How to think about your current Azure PaaS Synapse Analytics solutions

As mentioned above, there is no immediate need to change anything, as the current platform is fully supported by Microsoft. Your existing solutions will keep working. Your in-progress deployments can continue, all with our full support.

However, you probably have already started thinking about a Microsoft Fabric future for your analytics solutions. The following steps may help you with this thought process.

Understand Microsoft Fabric

Microsoft Fabric represents a significant upgrade to all our analytics engines. All of them are improved, faster, and more scalable. And there is a lot to learn about the new engines and how to best use them. Fabric reimagines collaboration and empowers the business users in an unprecedented way. But it is much more than just better engines or just better integration.

The unified, open-source data format means that there is no need to copy data from one engine to another. You can shape data using the technology of your choice, then query it with any other technology.

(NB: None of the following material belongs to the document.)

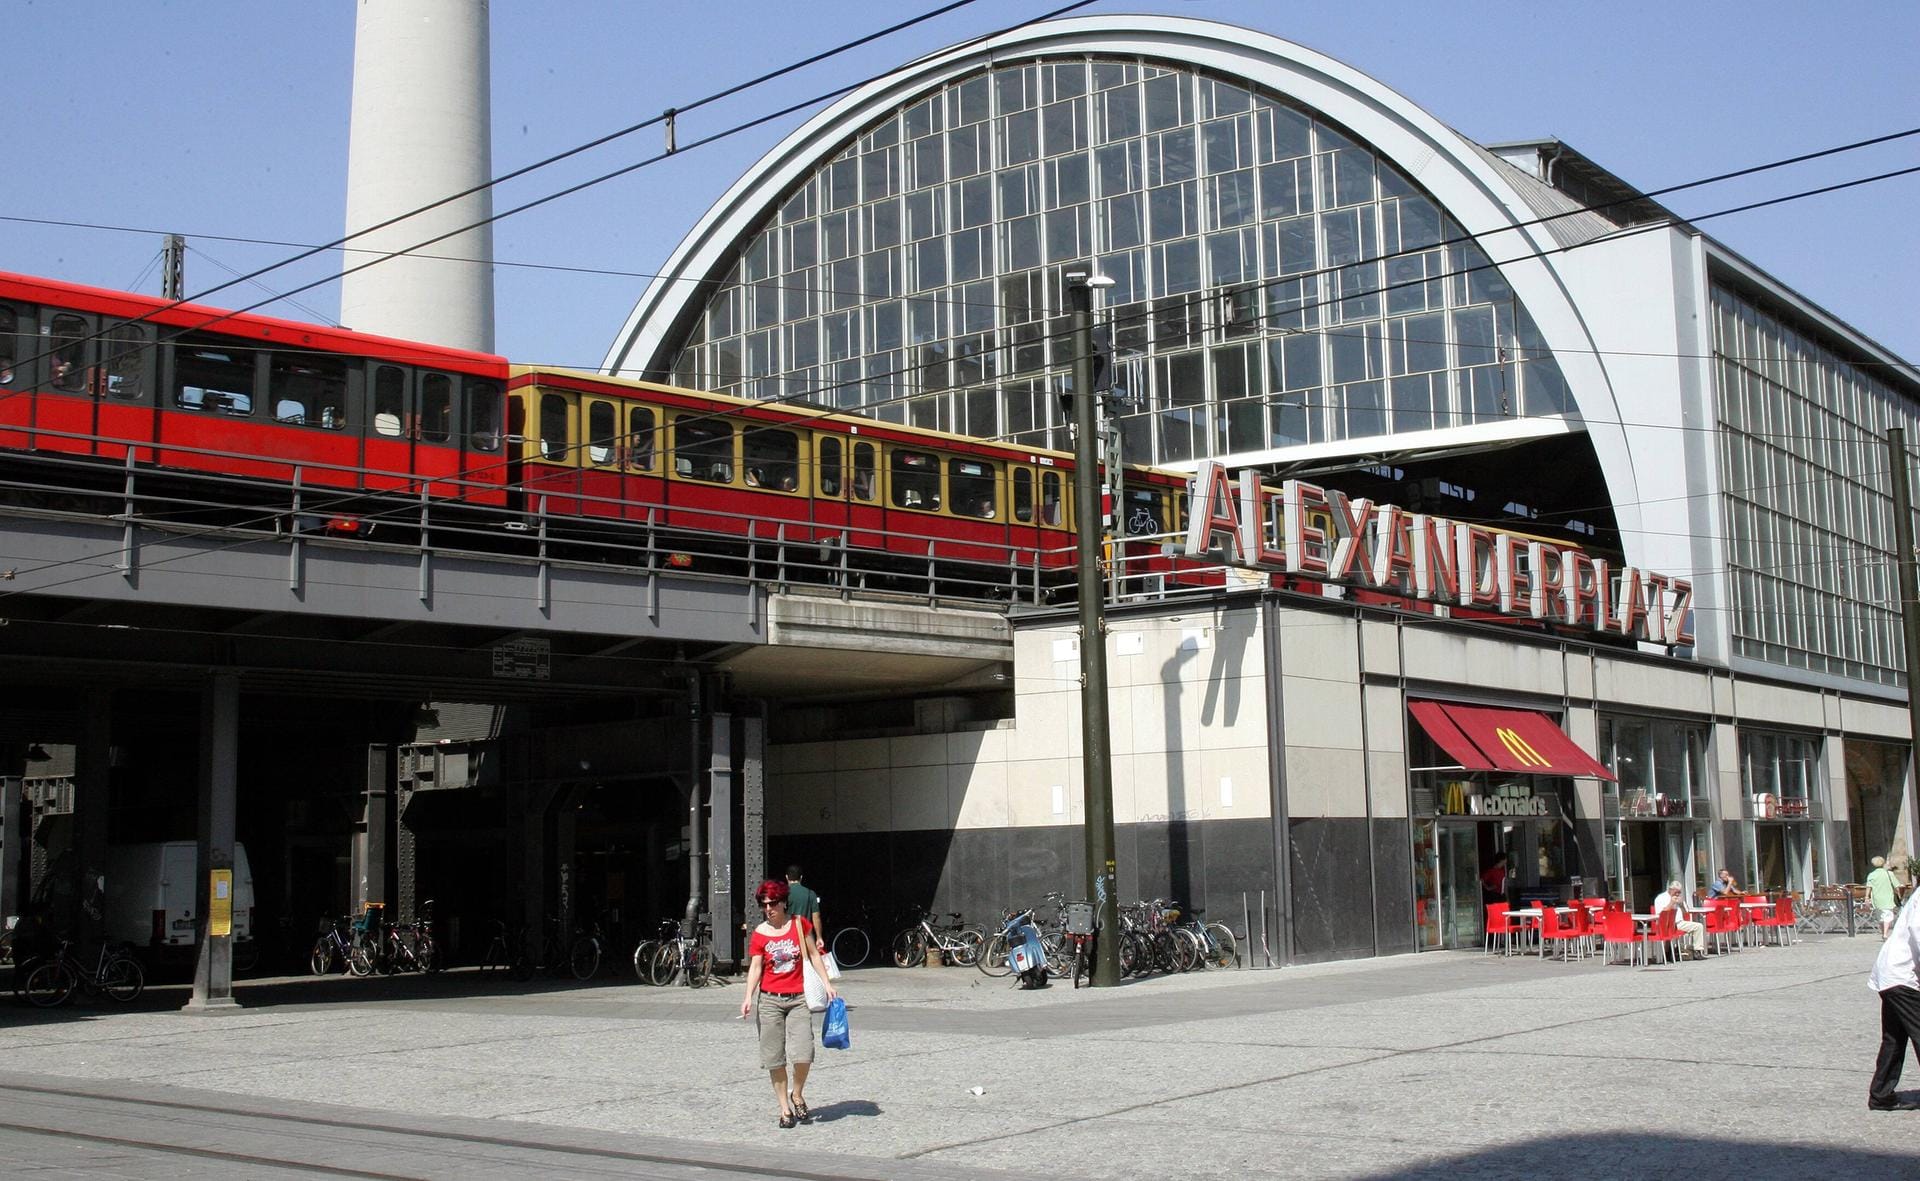 Der Bahnhof Alexanderplatz heute: Mit im Schnitt über 150.000 Reisenden und Besuchern täglich ist der Bahnhof einer der meistfrequentierten Deutschlands.

Fabric introduces completely new ways to make your data part of your analytics landscape. Shortcuts (within Azure, or cross cloud), database mirroring, seamless access to Dataverse and M365 data, all these solutions are designed to remove friction and costs.

Understanding these technologies will enable you to make the best out of Fabric, in terms of efficiency, agility and costs.

Our teams have worked hard to produce detailed documentation for all the Fabric concepts, and the best complement for the documentation is hands-on experience. The easiest way to understand Fabric in depth is to try the product:  Microsoft Fabric free trial . Arun’s blog spells out clearly how to learn more about Microsoft Fabric.

Understand what it means for your solution

Your analytics solution may use different technologies and engines. Fabric is a complete analytics platform, so you will find, inside Microsoft Fabric, new and enhanced analytics capabilities of the products with which you are familiar today.

Fabric brings new capabilities, that have no parallel with the current PaaS Synapse Analytics offering. The Fabric SQL Engine can operate, with equal performance, scale, and security, over any OneLake artifact (warehouses, lakehouses, mirrored databases). It also supports cross-artifact operations removing the need for extra copies while Power BI, for example, in DirectLake mode, can now analyze real time streaming data, or Spark output.

All these changes enable simpler, more efficient solutions, removing the need for intermediate steps and multiple data copies. Your solution can get significantly simpler and cheaper.

Below, I use one example of common PaaS Azure Synapse Analytics architectures, together with a possibly more efficient solution in Fabric, to demonstrate such potential simplifications.

Example 1: Data Lake, from Synapse to Fabric

Today, you may prepare your data in an Azure Data Lake Storage Gen2 (ADLSg2) lakehouse (typically using Spark, Synapse or Azure Databricks), then use a pipeline to load data into a Synapse SQL Dedicated Pool, then use Power BI or some other BI tool for your report.

thumbnail image 5 of blog post titled 

       Building the Lakehouse - Implementing a Data Lake Strategy with Azure Synapse

You can keep your current solution intact, and upgrade to Fabric engines.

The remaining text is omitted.